I attended a seminar in Houston last week where one of the other attendees asked me to help her understand her utility company’s offer to subscribe to a plan that provides 100% wind energy.  She told me she opted to subscribe to the new 100% wind energy plan, and was willing to pay a little more for wind energy, but she didn’t understand whether she was really making a difference.  After all, it didn’t seem likely that her utility company could direct wind generated electricity exclusively to her home.  I got the same question again today, so let me clear this up.

It’s true, utility companies around the world are offering 100% wind energy subscription plans.  It’s also true that they have absolutely no way to direct wind generated electricity to your home — once a wind farm puts electricity on the grid, those electrons become indistinguishable from electrons generated from coal, gas, nuclear, or any other resource.  So how does such a plan work for you, the consumer?

What most people don’t realize is that wind farms produce two separate revenue streams.  One revenue stream comes from selling the electricity generated by the wind turbines.  The wind farm owner sells the electricity his turbines generate to the utility company at competitive trading prices.  That means the wind farm owner doesn’t get a premium rate for his electricity just because it was generated by wind.  He has to sell his electricity on the trading floor, being price competitive with electricity generated by all of the other resources.  If his rates were significantly higher than the rate for electricity from other resources, he would not be able to sell his electricity on the open market.

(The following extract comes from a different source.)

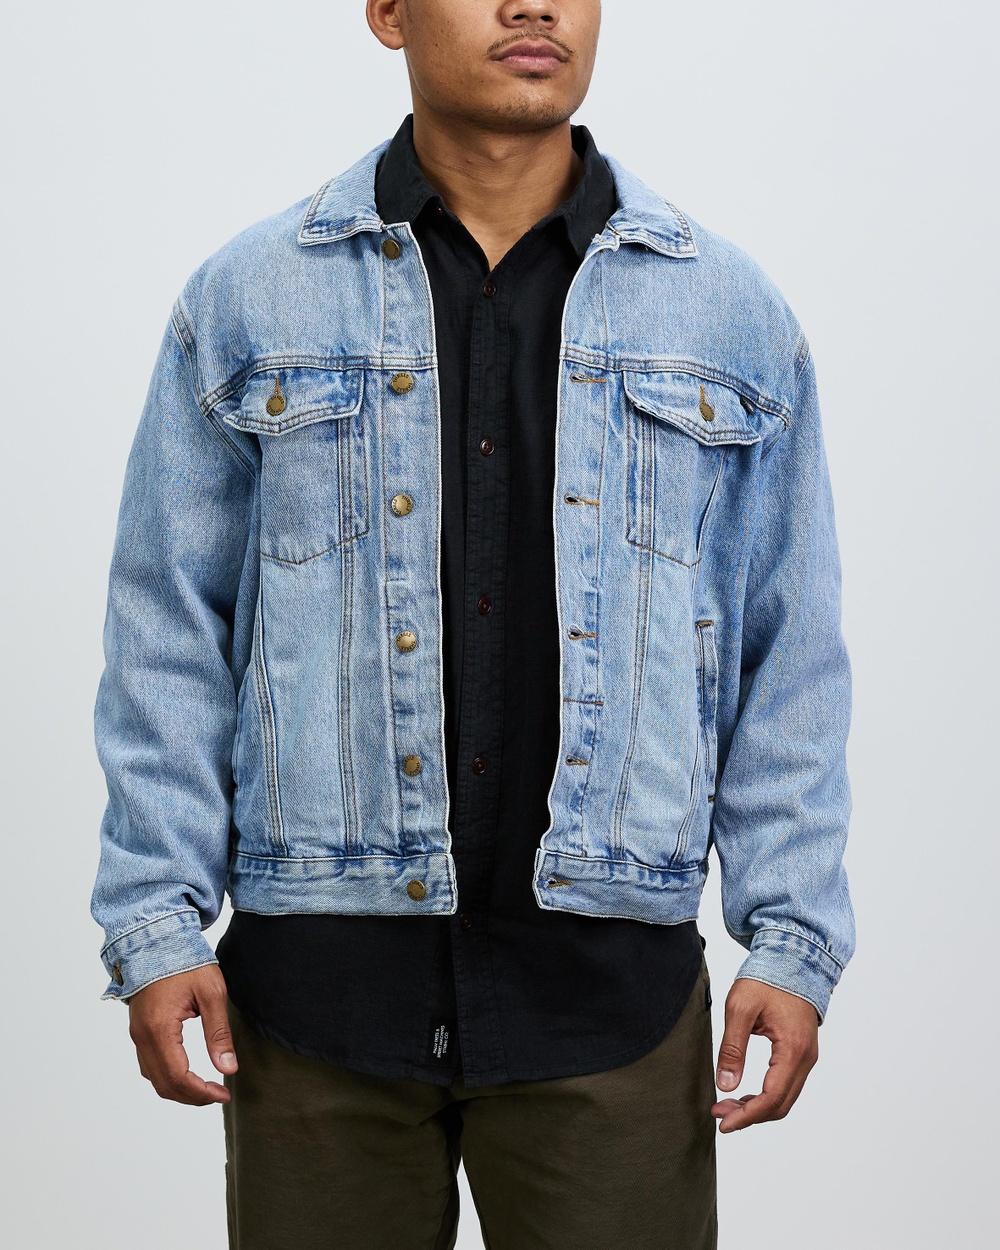 Thrills Oversized Wanderer Denim Jacket jacket Aged Blue Australia

The second revenue stream comes from selling Renewable Energy Certificates or RECs (also known as Renewable Energy Credits or “green tags”).  For every 1000 kilowatt hours of electricity the wind farm owner produces, he can sell one REC.  Selling RECs is how wind farm owners make a profit, and this is why investors look favorably at wind farms as a good investment.  RECs are tracked and certified by a third party auditing agency to ensure that RECs are never duplicated — once a REC is sold, no other REC can ever be generated for the same 1000 kilowatt hours of electricity that was produced.

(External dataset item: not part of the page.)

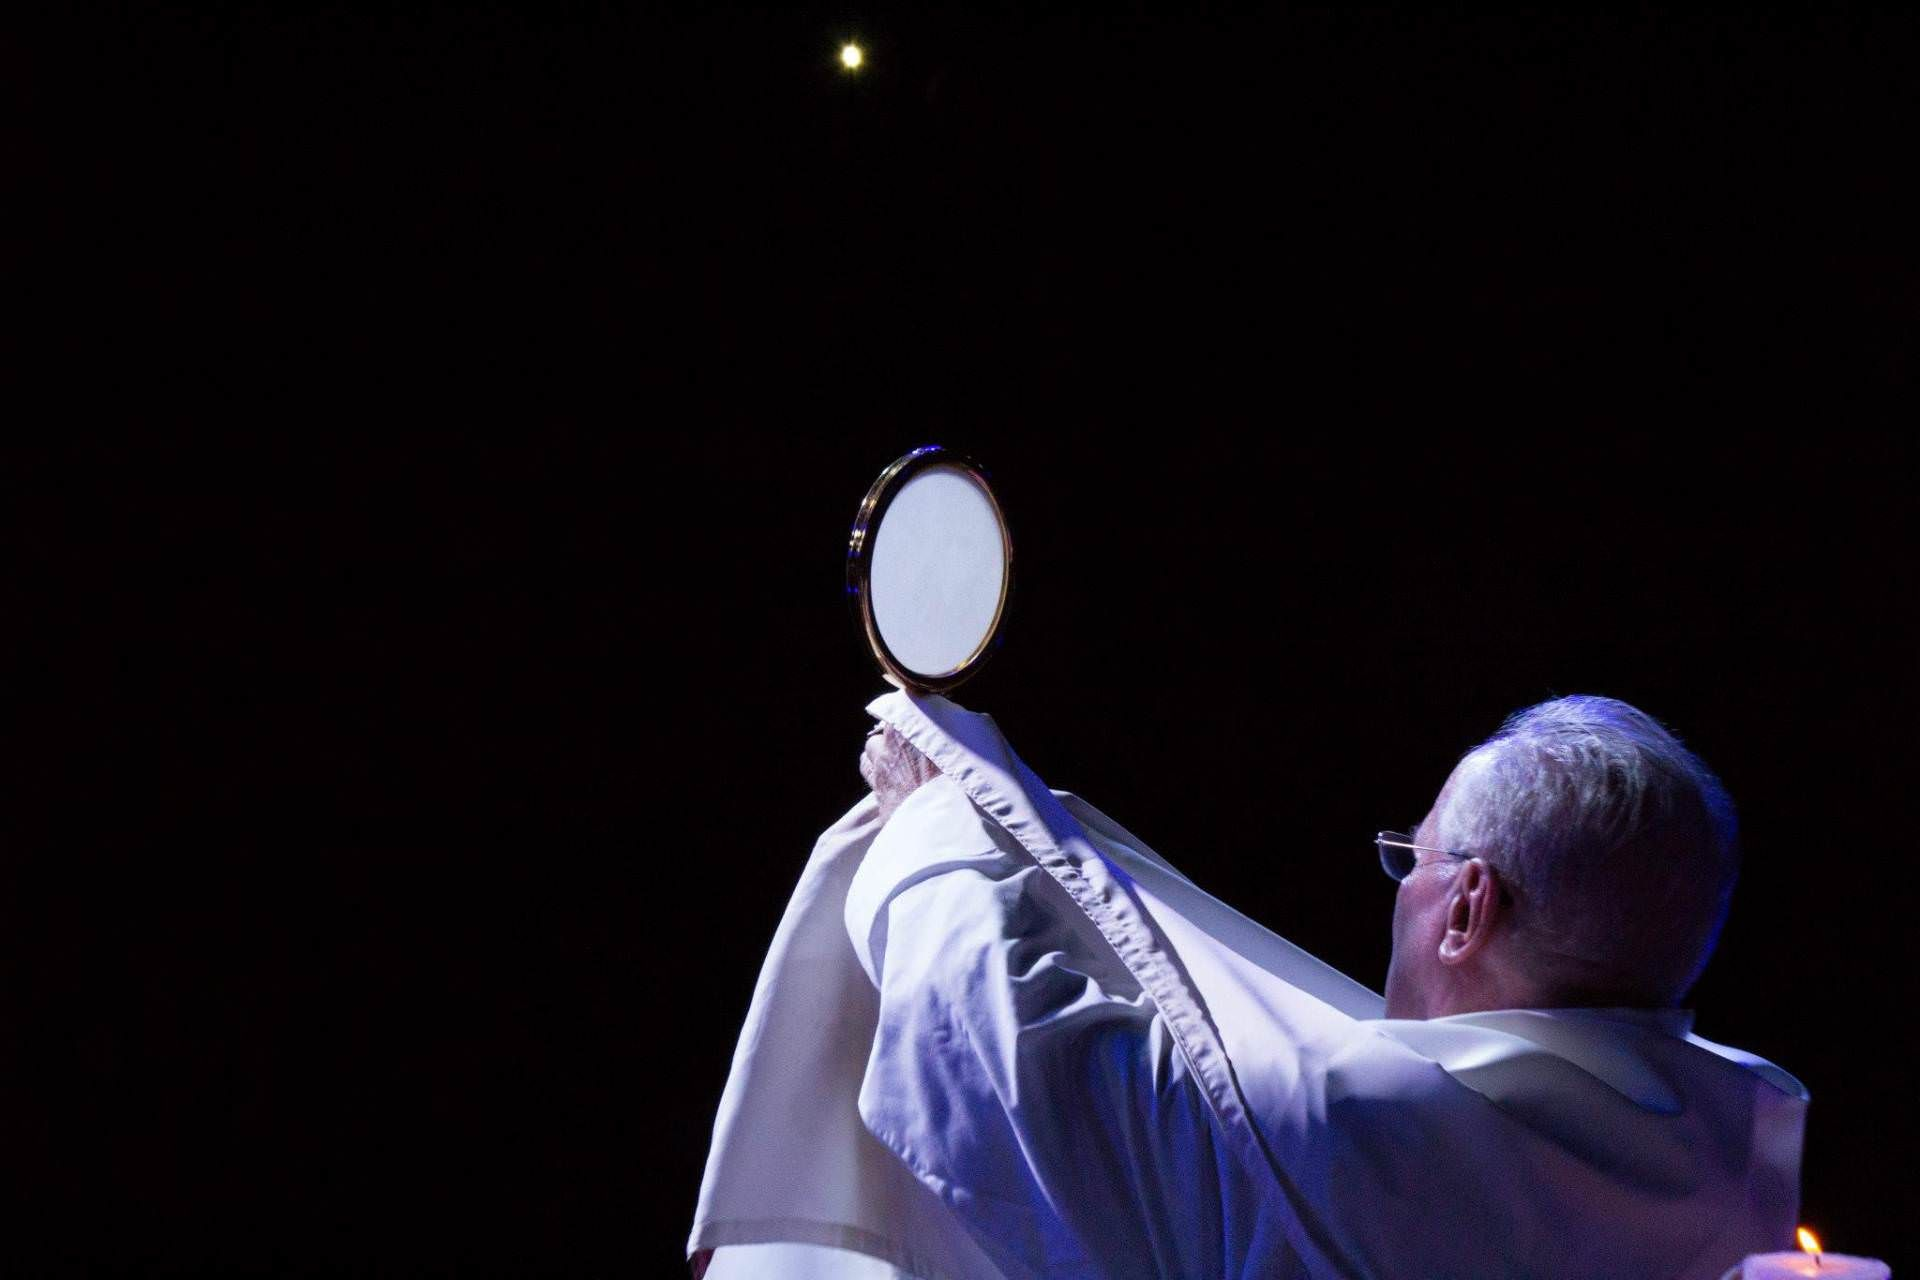 Imagen Católica: Eucaristia, Sacerdote

Who buys these RECs?  Well, indirectly you do.  When your utility company offers a 100% wind energy plan, what that means is that your utility company uses the extra money you pay on your bill to buy RECs from wind energy providers.  It doesn’t change the type of electricity that comes to your home, but you do help to make wind farms more profitable.  And in a free market economy, when wind farms show a profit, more wind farms will be built.